Atta Financial Update

Executive summary: East African countries to ratify Tripartite Free Trade Area agreement before March.

The East African Community has until March 2017 to ratify the Tripartite Free Trade Area (TFTA) agreement to pave the way for EAC goods to enter larger markets like South Africa, Egypt, Ethiopia and Eritrea.

At the Tripartite Trade Negotiation Forum held in Johannesburg from December 9 to 11, the EAC said it would ratify the agreement by the end of February 2017. The ratification will however will be on a transitional basis, as some annexes are yet to be concluded.

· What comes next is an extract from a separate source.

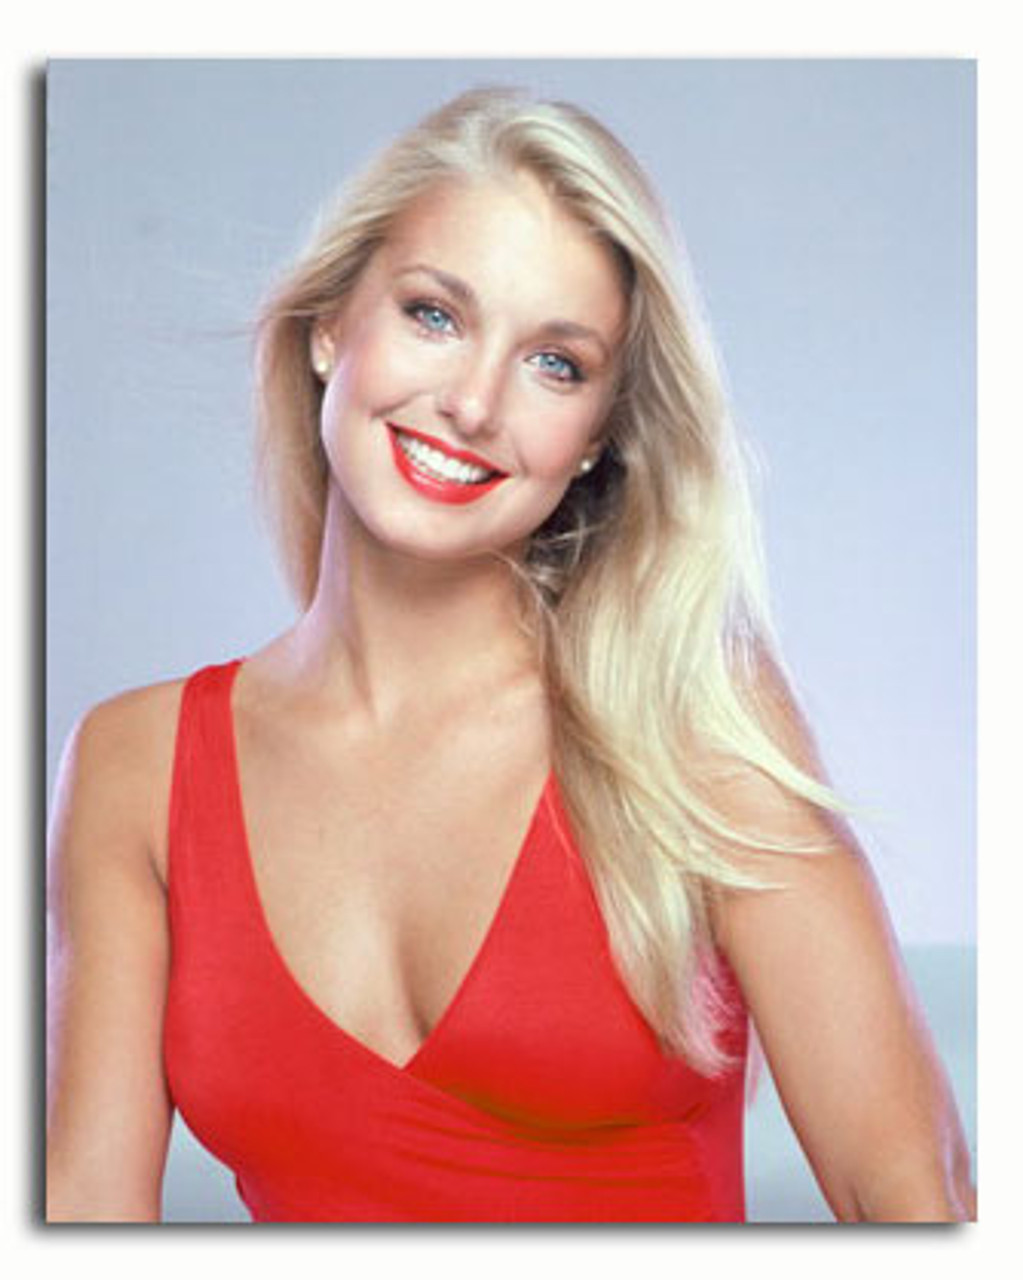 SS3441100) Movie picture of Heather Thomas buy celebrity photo and posters at Starstills.com

The bloc expressed concern that the delays may make it difficult to meet the June 2017 deadline set by the Tripartite Council of Ministers.

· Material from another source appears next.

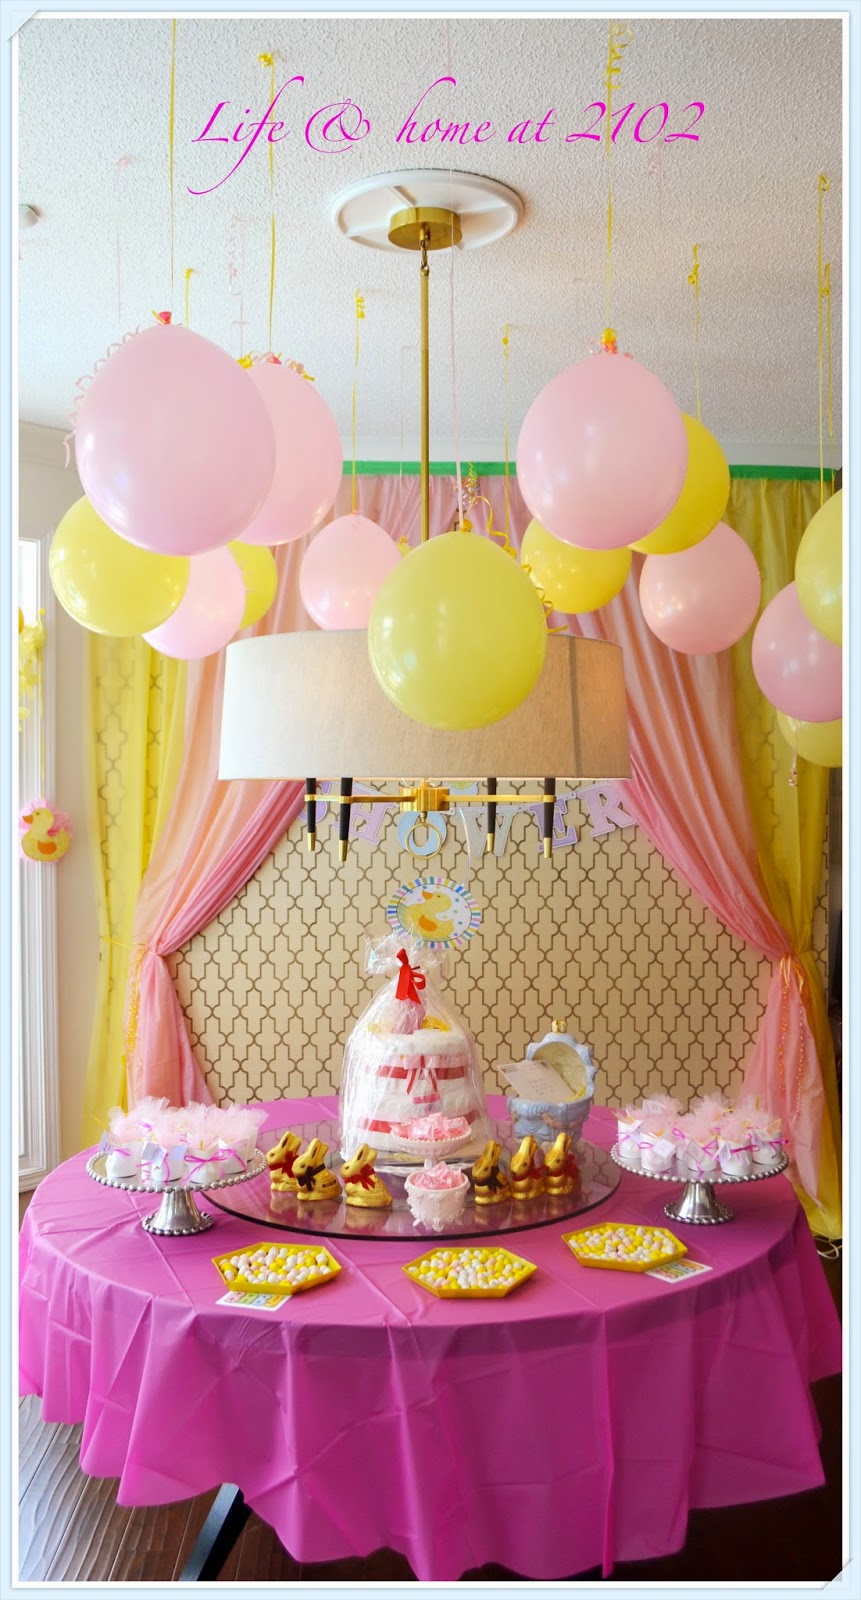 Life & Home at 2102: A Baby Shower on a Budget

So far, 18 countries, including Kenya, Uganda, Rwanda, Burundi and Tanzania, have signed the TFTA agreement, but none has ratified it yet.

The TFTA brings together 26 members of the EAC, the Common Market for Southern and Eastern Africa (Comesa) and the South Africa Development Community (SADC).

Fact: Coptic Christians of Egypt and Ethiopia celebrate Christmas on what is to most of the world Jan. 7 (they observe the Julian Calendar, which came before the Gregorian)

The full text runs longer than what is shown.